■ **What to do**
Only the lines below from the one containing "519 Vacancy Bangladesh" through the one containing "nomo studio curved" belong in the answer, repeated exactly and without pictures.

■ **Records for processing**
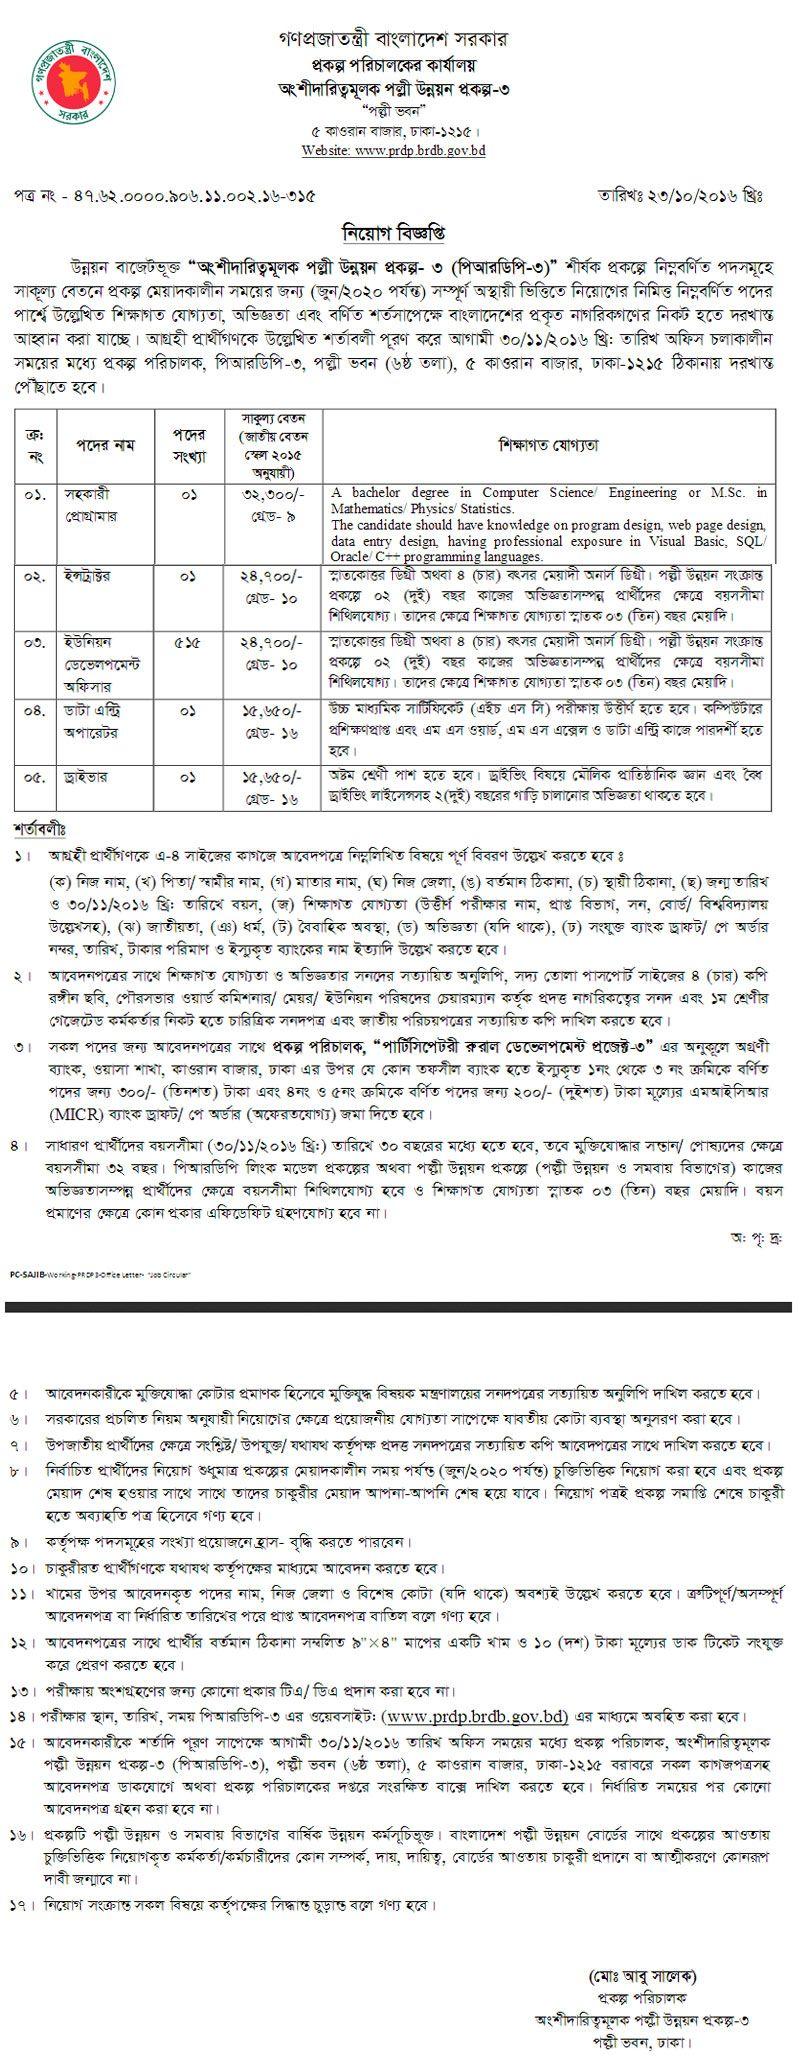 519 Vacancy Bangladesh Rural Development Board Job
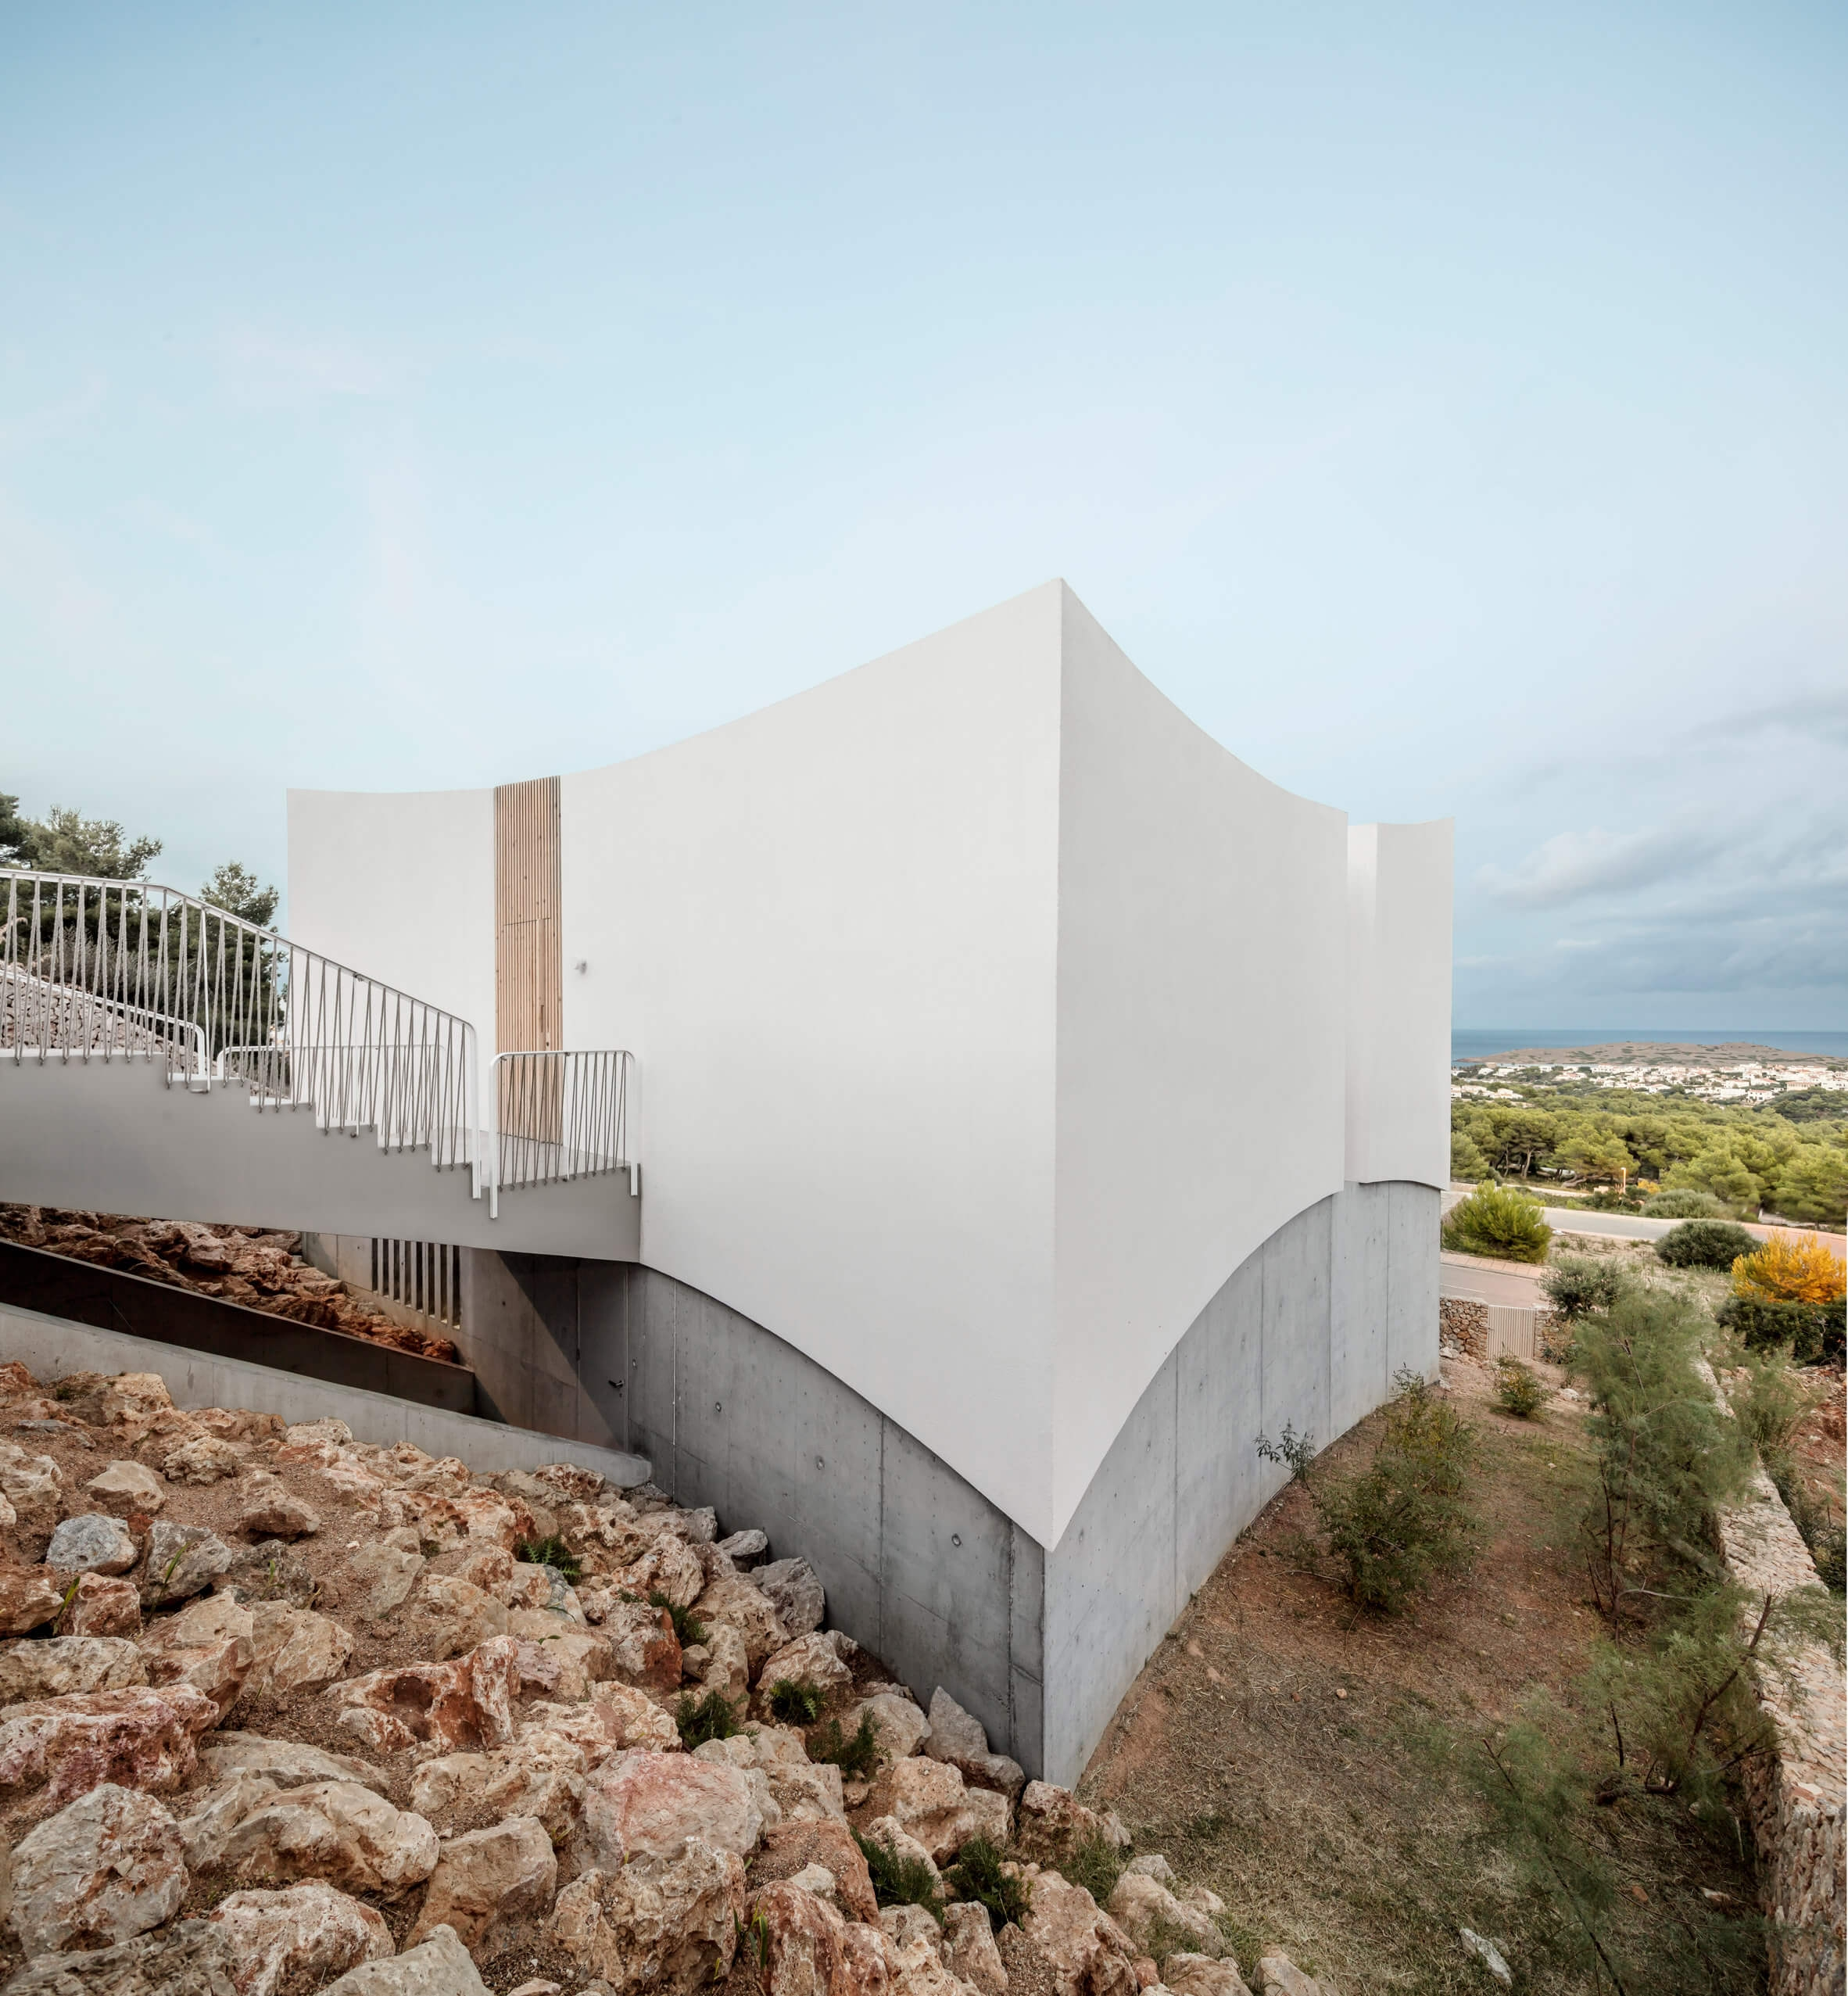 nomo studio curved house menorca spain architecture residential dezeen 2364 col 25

* * *

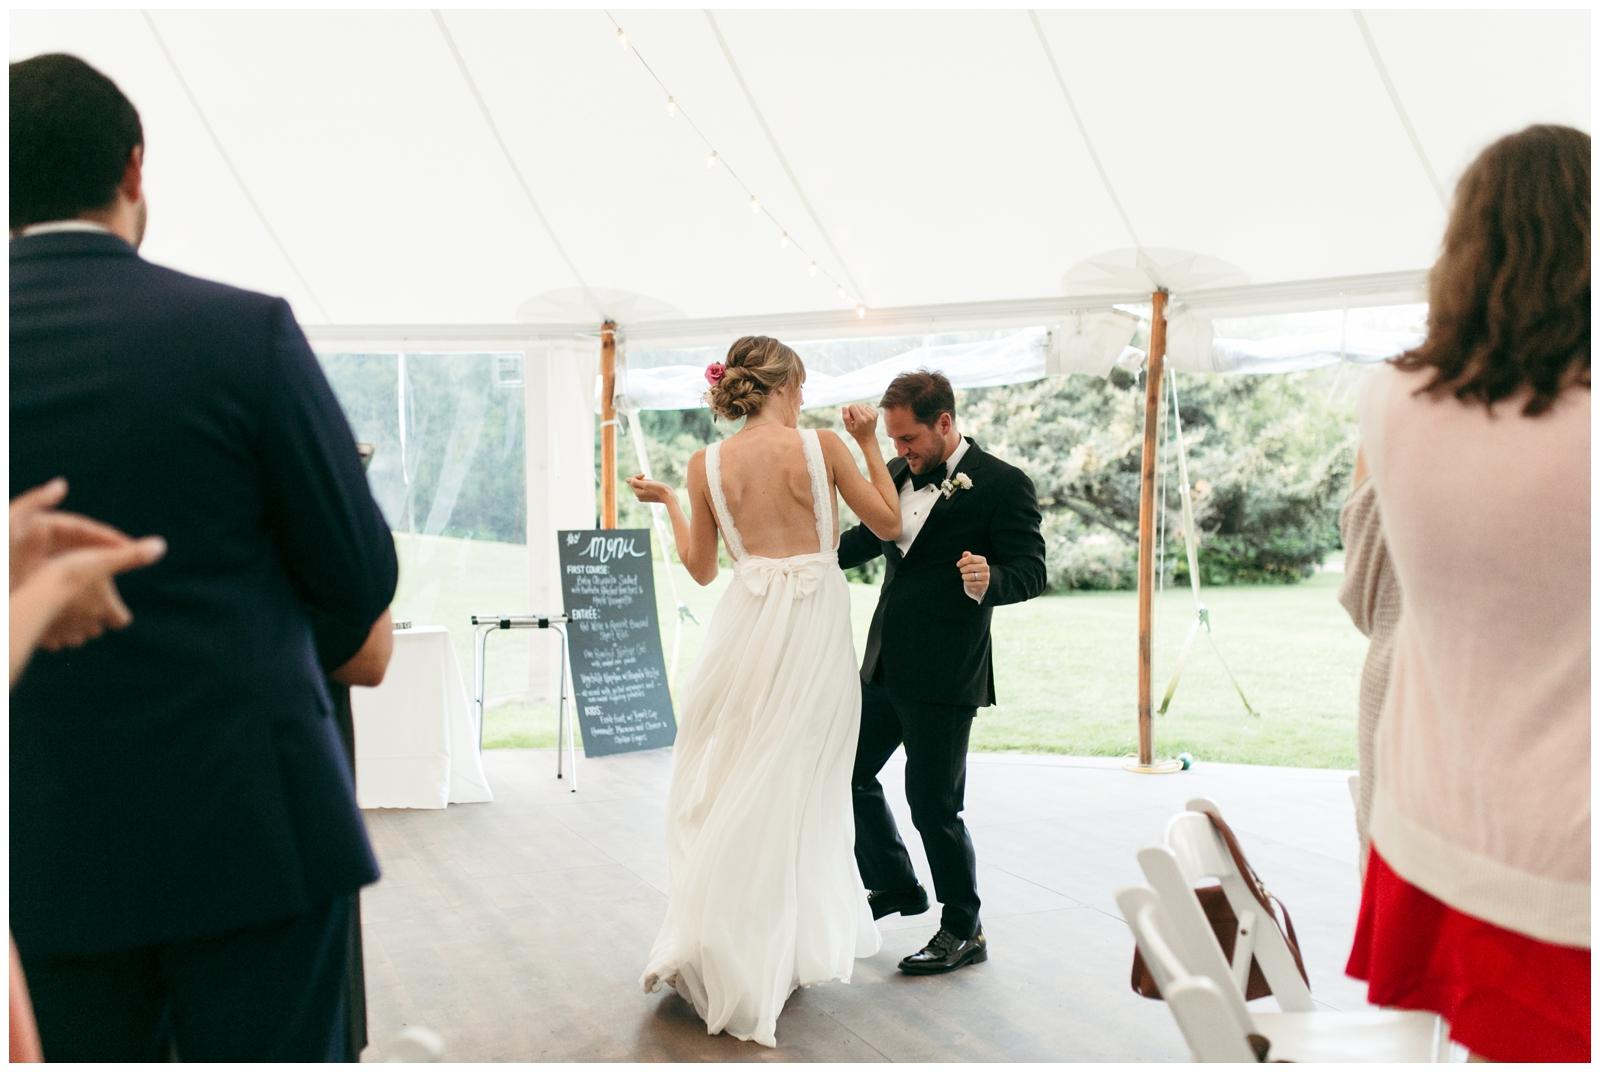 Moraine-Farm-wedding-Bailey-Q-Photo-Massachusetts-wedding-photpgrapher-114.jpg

■ **Written response**
 519 Vacancy Bangladesh Rural Development Board Job
 nomo studio curved house menorca spain architecture residential dezeen 2364 col 25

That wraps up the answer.